- Linear Search
Bubble Sort
The simplest sorting algorithm. It works by repeatedly swapping the adjacent elements if they are in the wrong order. It starts at the beginning of an unsorted array and 'bubbles up' unsorted values towards the end, until the array is completely sorted.
+ Simple, Elements are swapped in place without additional temporary storage
− Multiple iterations, Not efficient with a list with many items, Quadratic time complexity (O(n^2))
Selection Sort
An in-place, unstable, comparison algorithm.
It works by starting in the first position, assuming this holds the element with the smallest (or biggest) value. It selects the minimum value in a list and swaps it with the first value in the list. Then, it starts at the second position, selects the element of the array with the smallest value and it swaps with the second element. It goes on until the list is sorted.
+ Simple, Good performance on a small list
− Pure performance when dealing with a big list, Quadratic time complexity (O(n^2))
Insertion Sort
A highly intuitive, stable, in-place, and of comparison-type. The list is divided into two parts, the left, which is sorted, and the right (unsorted). Initially, the left (sorted) is empty and the right is the entire input list. The element with the minimun value is selected from the unsorted list and it is mooved to the left side (sorted). The boundary of the unsorted list is moved each time to the right by removing one element.

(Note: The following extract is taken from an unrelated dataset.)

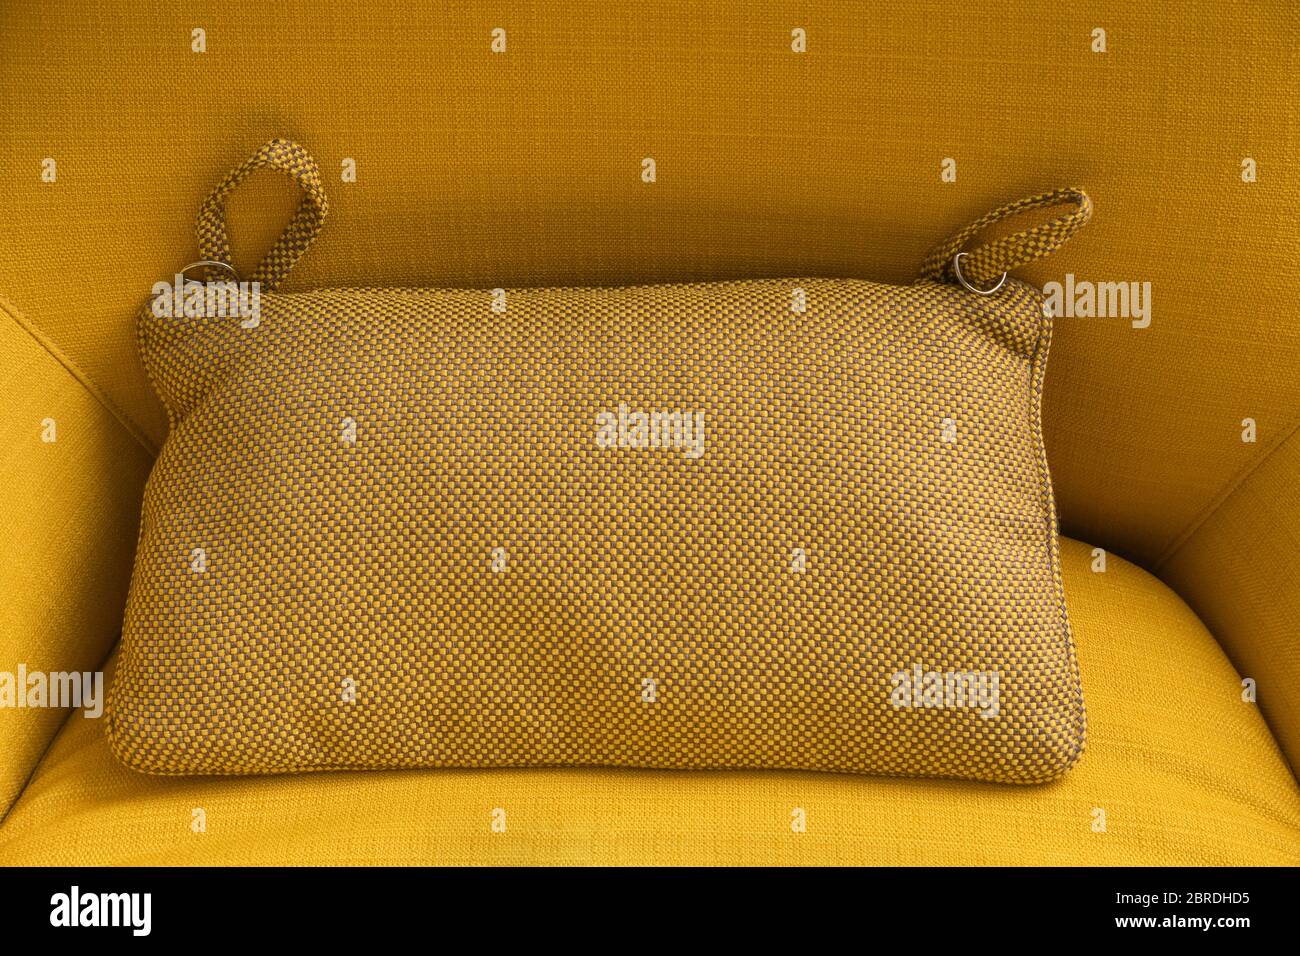 Decorative pillow on yellow textile sofa background. Home. Stock Photo

+ Simple, Performance advantage over complicated algorithms in some cases
− It has O(n^2) time complexity.
Quick Sort
A divide-and-conquer algorithm. An in-place sorting algorithm. This type breaks down the list in two (or more) lists. An element is picked as pivot. Then, it performs the sorting on these sub-lists. The pivot might be the first or the last element, a random element or some other element, and the list is partitioned around the pivot. Recursion is used and the lists are combined in a final result.
+ Used for solving difficult problems, Efficient use of memory, Faster than other sorting algorithms, O(nlog(n)) performance
− The efficiency is dependent on the choice of pivot (worst case: always pick the smallest / greatest element as pivot, best case: pick the middle element)